Ten years is a long time to be married to someone. –Gwyneth Paltrow
Dear Gwyneth,
I’ve been married ten years in November and it has gone by in a silly blur. When we got married, my nephew Wyatt was a tiny bump under his mom’s bridesmaid dress. He’s going to be nine in June—nine! Behind him came seven more grandkids in seven years and all of them are now walking and talking.
I don’t feel like I have aged a day, even though there’s a whole lot of gray hair and twenty extra pounds that give a lie to that story. Shea is thinner than he was on our wedding day, but the gray ghost has caught him by the chin and we’re going to make a lot of money in retirement hiring ourselves out as Santa and Mrs. Claus for parties.
We still fight over the same stupid things we fought over when we were dating. And we laugh at the same stupid jokes. Sometimes we look around at our three kids, two dogs and home that we’ve lived in for almost all of those ten years and say to each other “When did we become grown-ups?”
Before, I prayed for and waited almost patiently for this life. The last ten years have not always been joyful and we have faced some dark valleys, just like everyone else. But even when those folded up socks in the laundry make me want to scream and throw Shea over the mountain, I am grateful that he has given me this life.
So I don’t think ten years is a long time to be married. Not when we’re standing in the shadow of our parents, who have been married 30 and 46 years respectively. Not when I witnessed both my grandparents’ 50th wedding anniversary celebrations. Not when some of my closest friends, who are our age, have been married 24 and 19 years. Compared to them, we’re still rookies!

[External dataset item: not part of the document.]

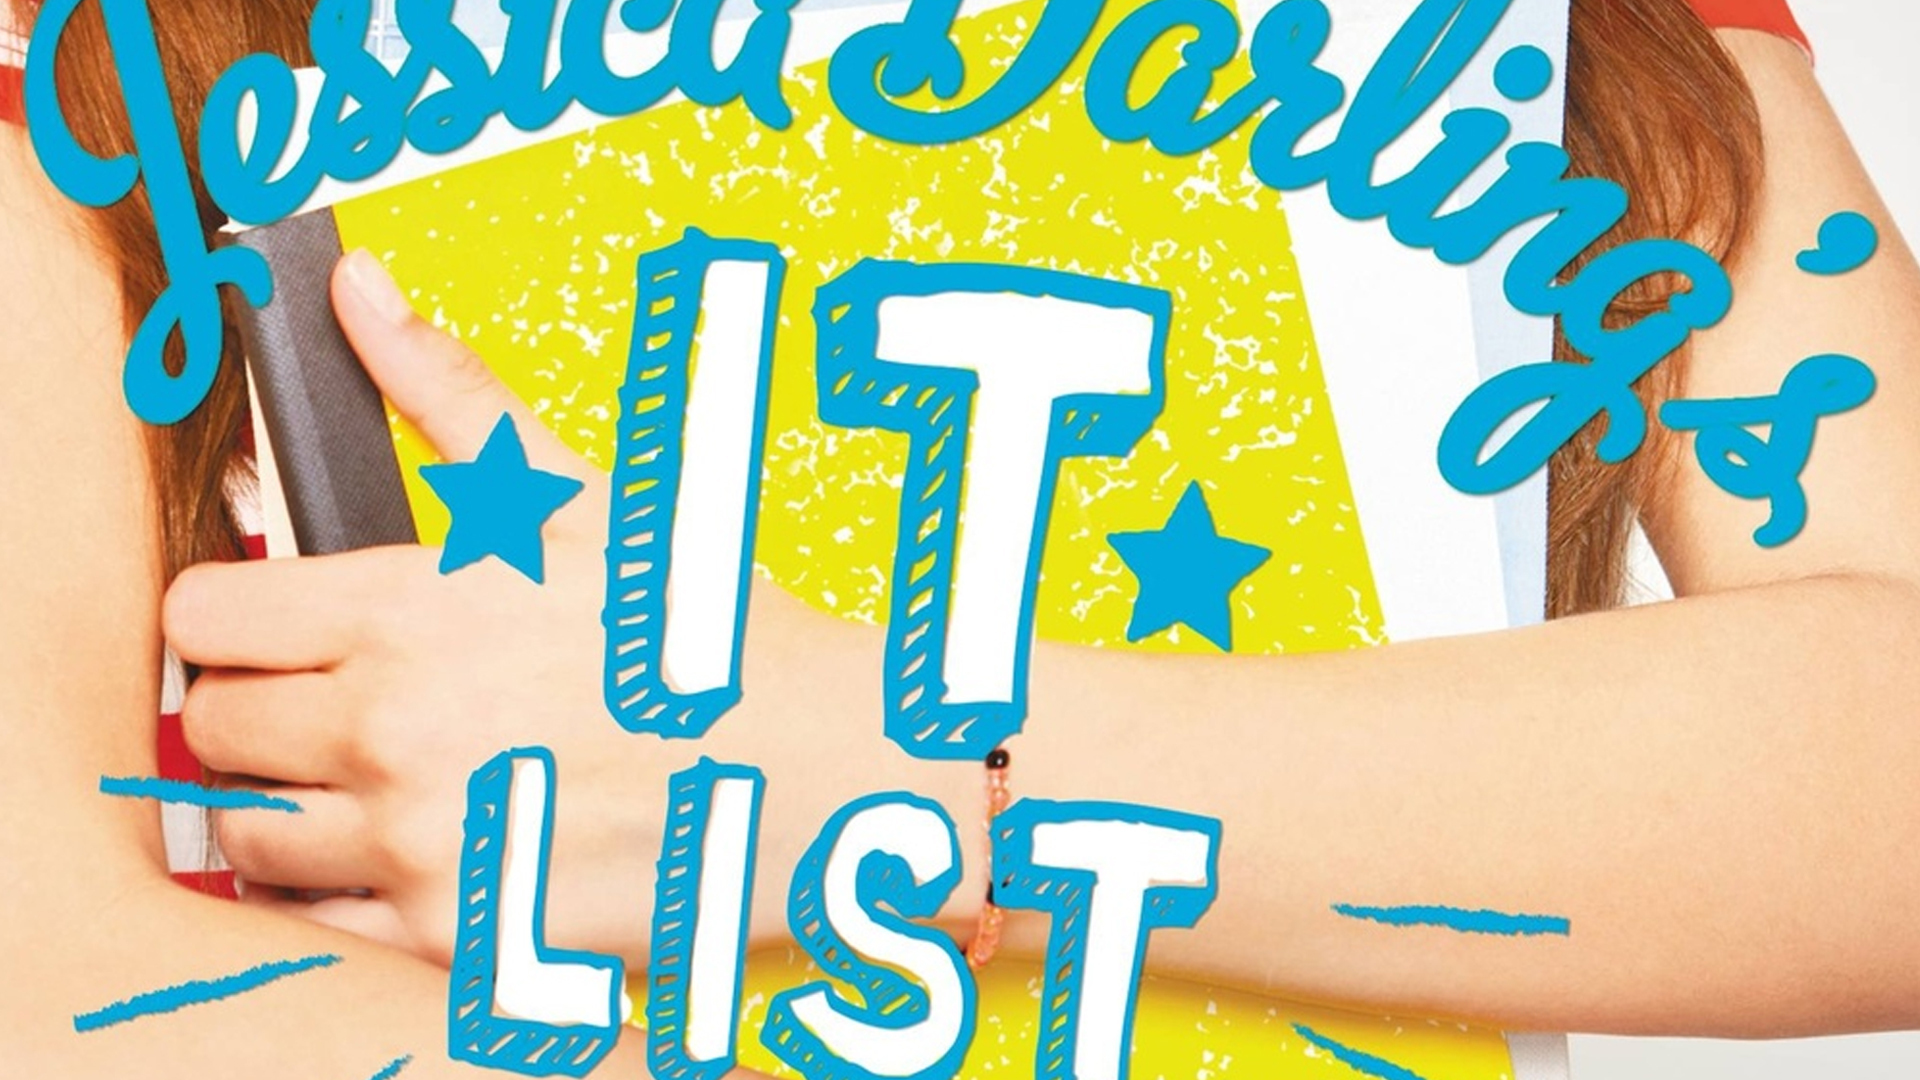 Jessica Darling's It List

And Gwyneth, this idea of “conscious uncoupling” is dangerous. If it was a way to divorce without anger and resentment and with the children’s emotional and psychological health intact, I could get behind it-ish. We don’t speak divorce in this house, but there are legitimate reasons for it to happen.

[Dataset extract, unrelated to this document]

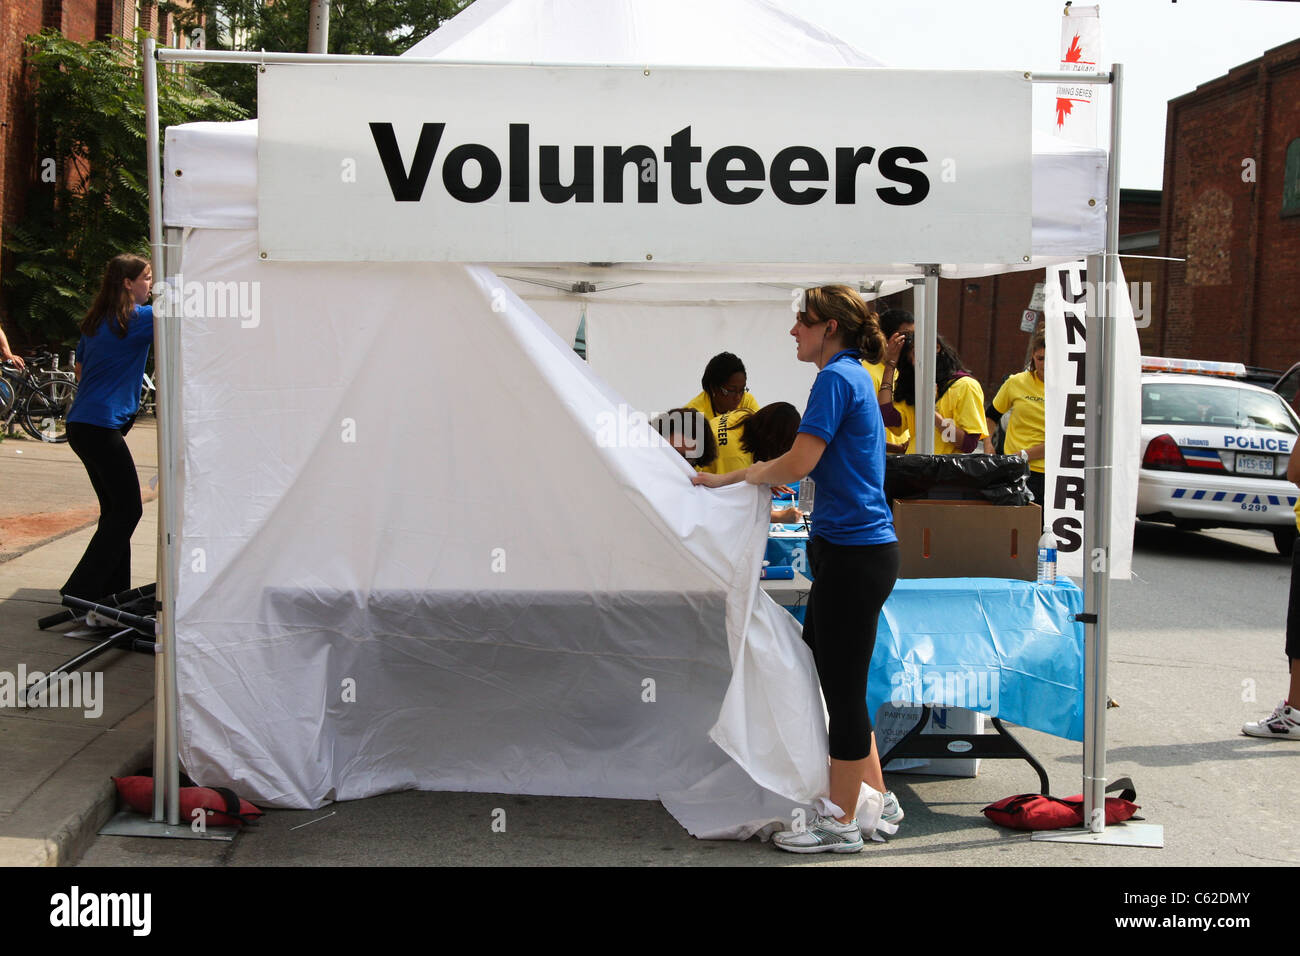 volunteers volunteer tent Stock Photo

But that’s not what you’re saying. You’re saying you got tired, distant, bored. That you’ve had enough and there isn’t any more you can learn from each other. That it just isn’t working.

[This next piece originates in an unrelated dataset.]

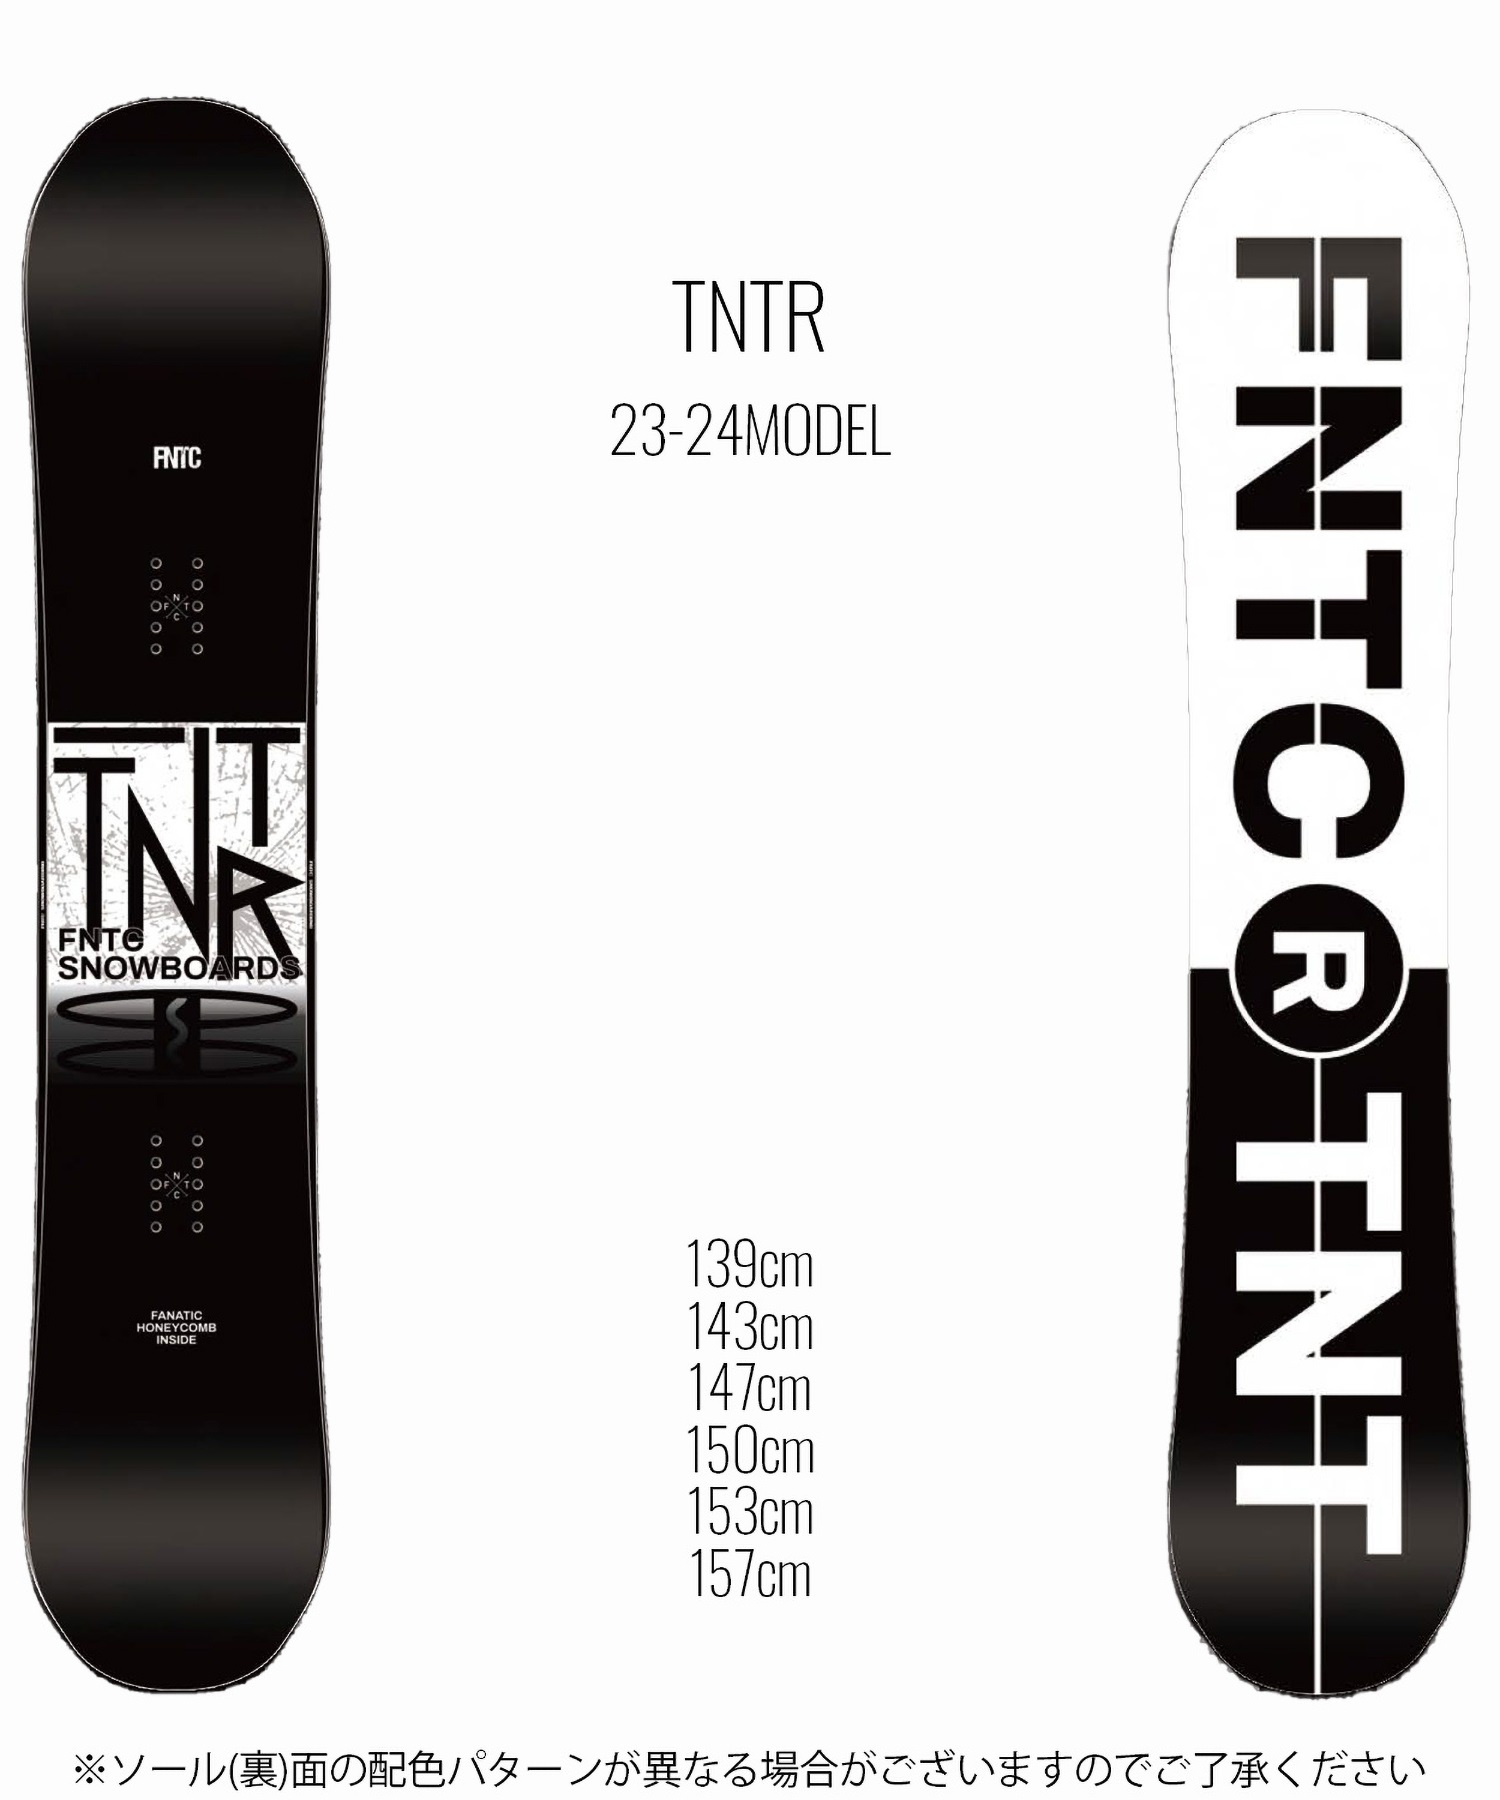 スノーボード 板 ユニセックス FNTC エフエヌティーシー TNTRBW 23-24モデル KK C25(BLACKWHITE-139cm)

You’re not saying much else, so we don’t know the nuts and bolts. And normally I would say that it’s not our business, except that the conscious uncoupling made it our business.
You want reform the definition of divorce and hide behind the “science” that humans are living longer and are not psychologically or emotionally equipped to be married for decades. That we should stay in our marriages as long as they have something to teach us, and then, like graduating from college, move on to the next experience with no guilt, shame or sense of failure.
Without even a nod to the mountains of research that tell us what divorce does to kids.
Look, if you aren’t willing to work on it, if your anger is too big and your ability to forgive too small, that’s fine. We’re human and we understand those emotions. We’ve all felt a like a five year old at one time or another.
But own it. Say that you have failed, let down your families and your children and yourselves. Be humble. Don’t whitewash it, like it isn’t a trauma.
And keep this conscious uncoupling stuff to yourself. You are entitled to your delusions. But don’t call my marriage and the marriages around me “exceptions” to your delusion, because we aren’t. Most marriages that make it ten years have more resilience in the long run. Not yours, I get it, but who knows what could have happened if you hadn’t put a limit on it before you even started.
Don’t drag the rest of us into it, even though misery loves company. We aren’t faking it, or denying ourselves personal growth by staying with our partners. We’re still learning and growing and our endoskeletons are just fine, thank you very much.
Jen
PS: You’re on a roll, with your conscious uncoupling and your comments about regular working moms, and not in a good way. I have found that when the world seems to be against you, that’s more about you than the world. Might be time for a rethink. Just sayin’.
I loved the whole darn post! If I were you, I would have added a sassy “boo-yah!” at the end though. I think my ninth graders are rubbing off on me though….
In all seriousness though, Gwyneth’s headlines have been bothering me as well. While marriage can be difficult, it’s worth it…. As Gorge and I celebrate 12 years as a couple tomorrow, we’re cognizant of the pain, but also the joy we’ve brought together.
Miss you friend 🙂
Lol, thanks. Marriage is hard and glorious too. I miss you something fierce and HATE that you are growing that baby so far away…
Is it too uncharitable to ask if she will be tired of being a parent after ten years?
From my own experience, life with my partner just keeps getting better after ten years. Yes, of course, there is stuff to work through, not the least of which is myself as a partner, but that’s kinda the point isn’t it? We just got married in the fall after 11(9) years together and one of the things the minister said that struck a note with everyone is that you aren’t just marrying the person beside you but all the future versions of them.
All the future versions…of which we have already seen some, huh?